[Collection entries]
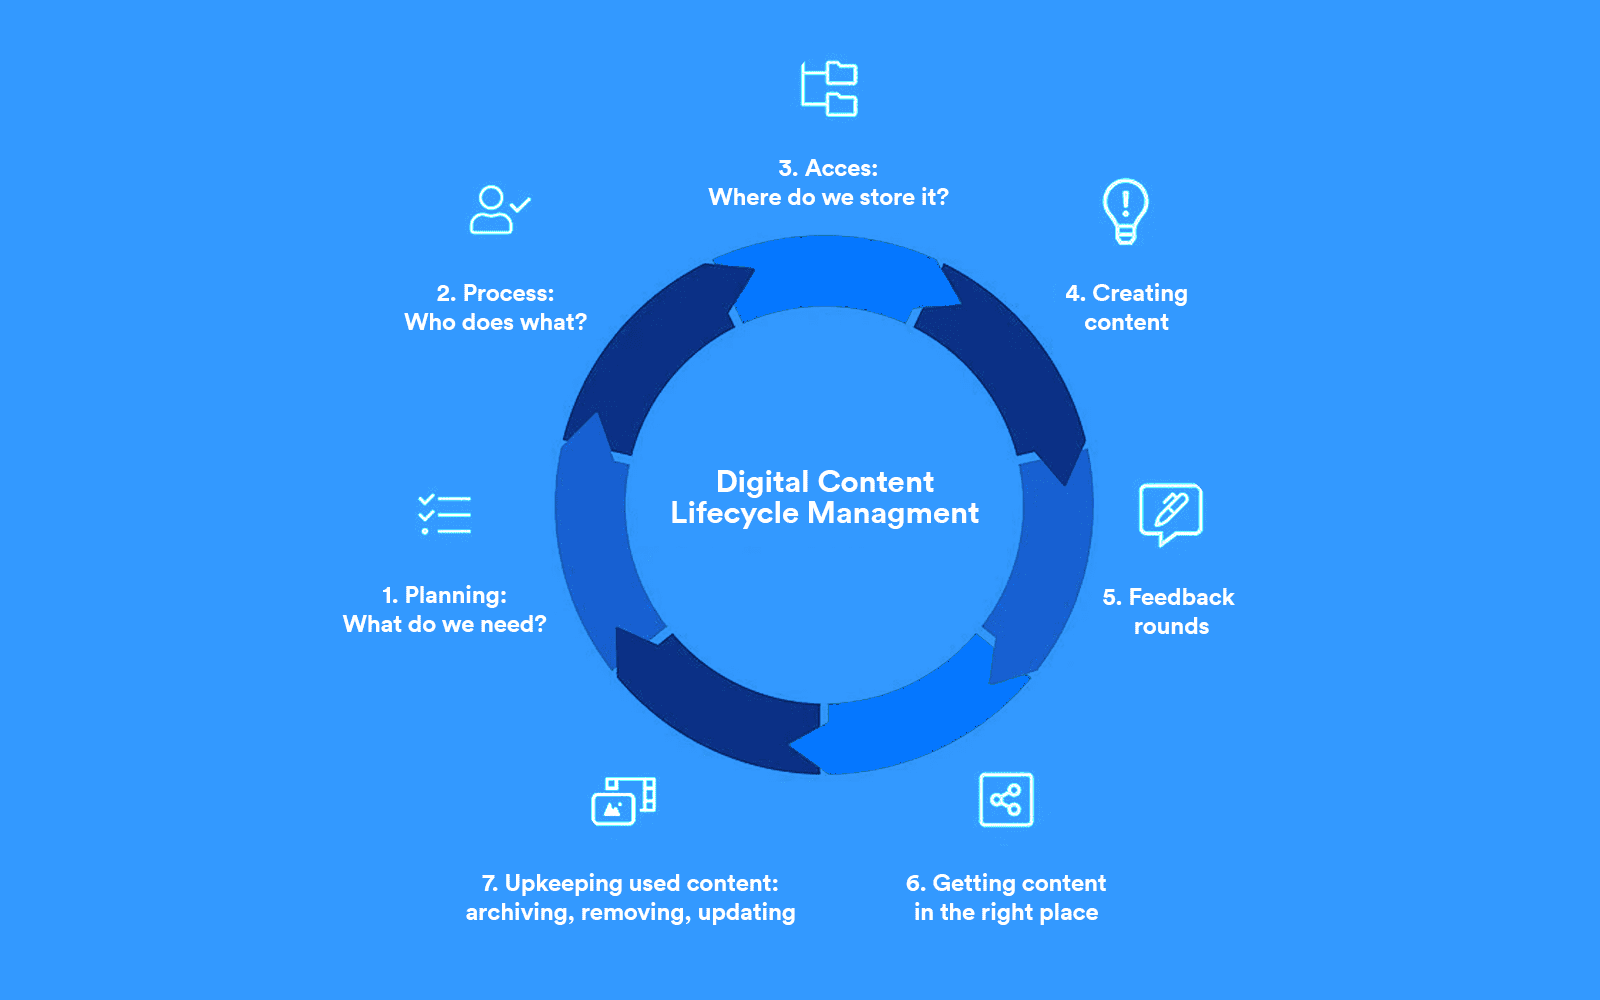 The 7 Stages of Digital Content Lifecycle Management:
1. Planning: What do we need?
2. Process: Who does what?
3. Access: Where do we store it?
4. Creating content
5. Feedback rounds
6. Getting content in the right place
7. Upkeeping used content: archiving, removing, updating

● TASK
Without any of the pictures, repeat the entries above word for word.

● SOLUTION BELOW
 The 7 Stages of Digital Content Lifecycle Management:
1. Planning: What do we need?
2. Process: Who does what?
3. Access: Where do we store it?
4. Creating content
5. Feedback rounds
6. Getting content in the right place
7. Upkeeping used content: archiving, removing, updating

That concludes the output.